Here are 6 Features Consistent with Profitable Rental Properties
Most of the factors that impact your rental home’s profitability comes down to the neighborhood. The type of neighbourhood impacts what kinds of tenants you attract and your vacancy rate. A university town will likely attract students who are less keen to rent in the summer months, for example. Some neighbourhoods have their own personalities and may attract tenants who simply want to say they live in the area. Other neighbourhoods are defined by their job market (see more below).
Some neighbourhoods discourage rental properties with high permit fees and complicated hoops to jump through. If you planned to place your rental property on a home-sharing site, you might face similar barriers depending on the city.
Also, different neighbourhoods will host different tenants. If there is a specific type of tenant you wish to avoid, do some research and find out where they like to live. Avoid the locations these tenants like to live in.
An important factor when determining your investment range is how much you’ll be paying in property taxes. When comparing properties, high property taxes may not be a bad thing if the home with higher taxes is in a better neighbourhood. However, high property taxes do not always spell a nice area. Do your research to learn what property taxes in an area and have been in the past. Find out whether the city might be planning to raise those taxes in the future.
Most cities in Canada have an online property tax system. You can look up the property by its address to discover the annual property tax amount. Always check with the city if possible to determine the taxes.

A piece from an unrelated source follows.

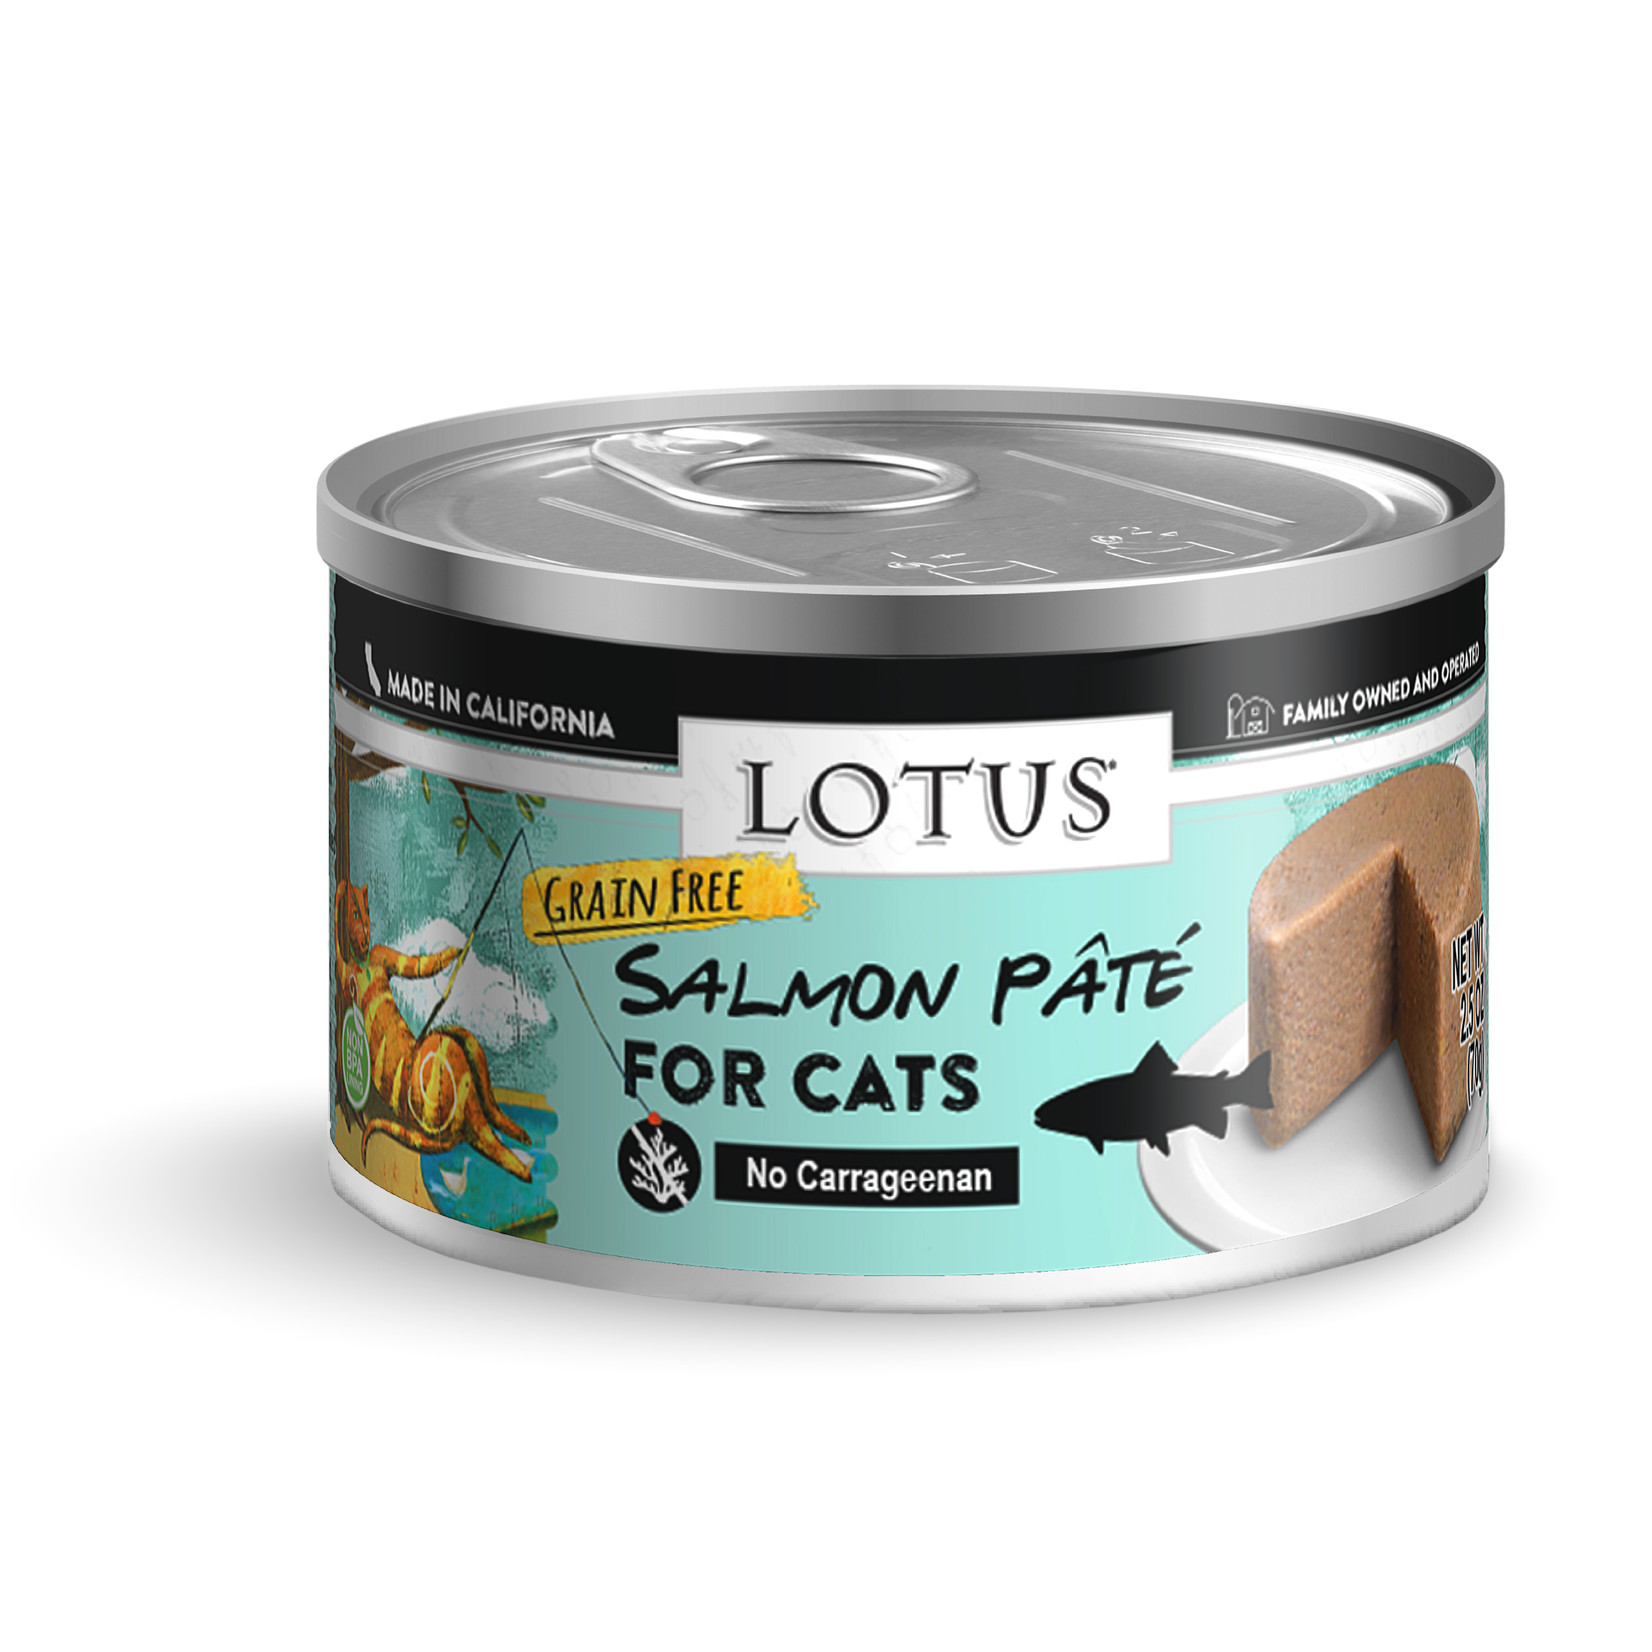 Lotus Lotus Salmon Pate Cat Canned Food 2.75oz
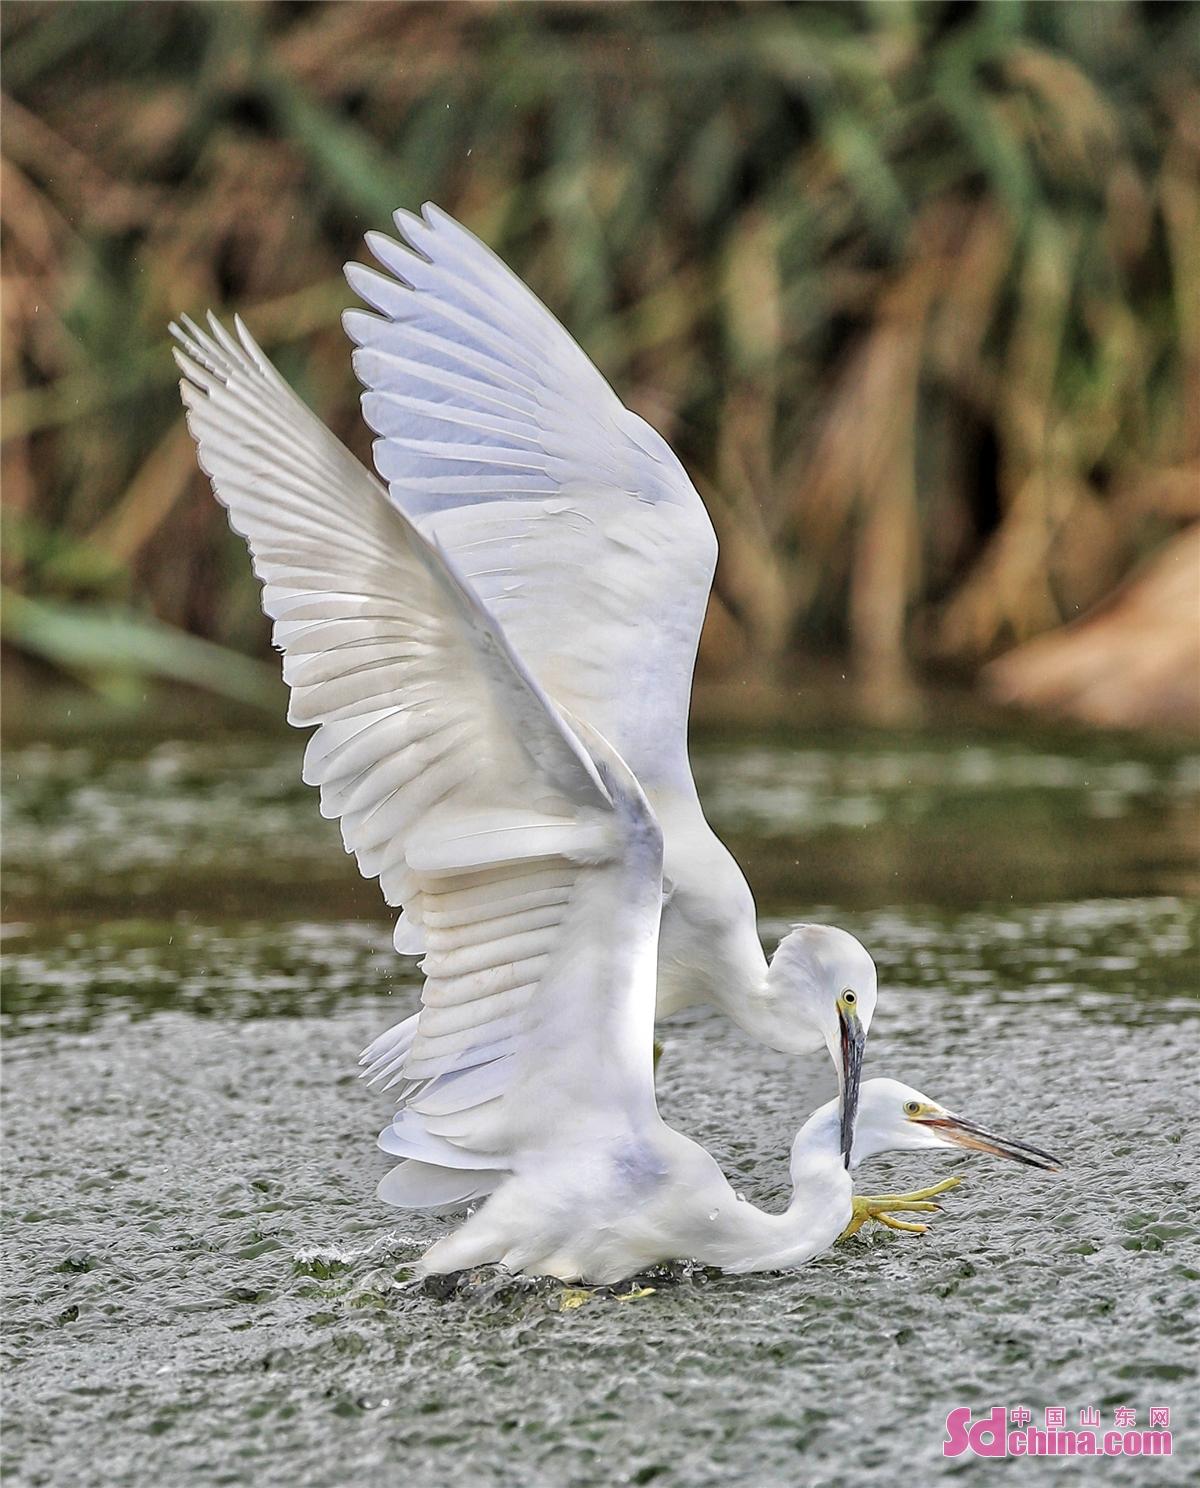 <br/>  최근 몇 년간 산동성 치박시 치천구 통합 관리를 지속 진행하여 하천의 자연환경을 개선되며 물이 맑아지고, 물고기 많아지고, 새를 찾아오고, 숲이 우거지는 모습이 들어낸다.

Often times when you’re buying a new home, the MLS listing will include incorrect taxes. It’s advised to never use the figure on MLS, it could be from last year and no longer accurate. A home that has had recent renovations could have a spike in taxes from one year to the next. Because of this, you never want to use the figure on the MLS listing.
Area rental prices
Most of your cash flow is earned from charging rent to your tenants. You’ll want to know what you can realistically charge to earn a return on your investment. Research current rental rates for similar properties in the neighbourhood. If you can find past rental rates, you can gauge whether the neighbourhood is increasing in value. If charging the average rent won’t cover your expenses, then the property (and possibly the area) is not for you. It may be tempting to charge more, but this could ultimately deter smart tenants and lead to a higher vacancy rate.
To discover the going rents in certain areas looks to tools such as MLS or Kijiji. Often you can find homes for sale, and you can compare their location and quality of finishes to your property. This comparison will help you to get a good understanding of rental prices.
Lastly, you could speak to a local property manager whom you’re considering using to manage your rental property. Property managers have a wealth of information when it comes to knowing the rental market. They can help you figure out what a property can rent for, oftentimes before you even buy the rental property.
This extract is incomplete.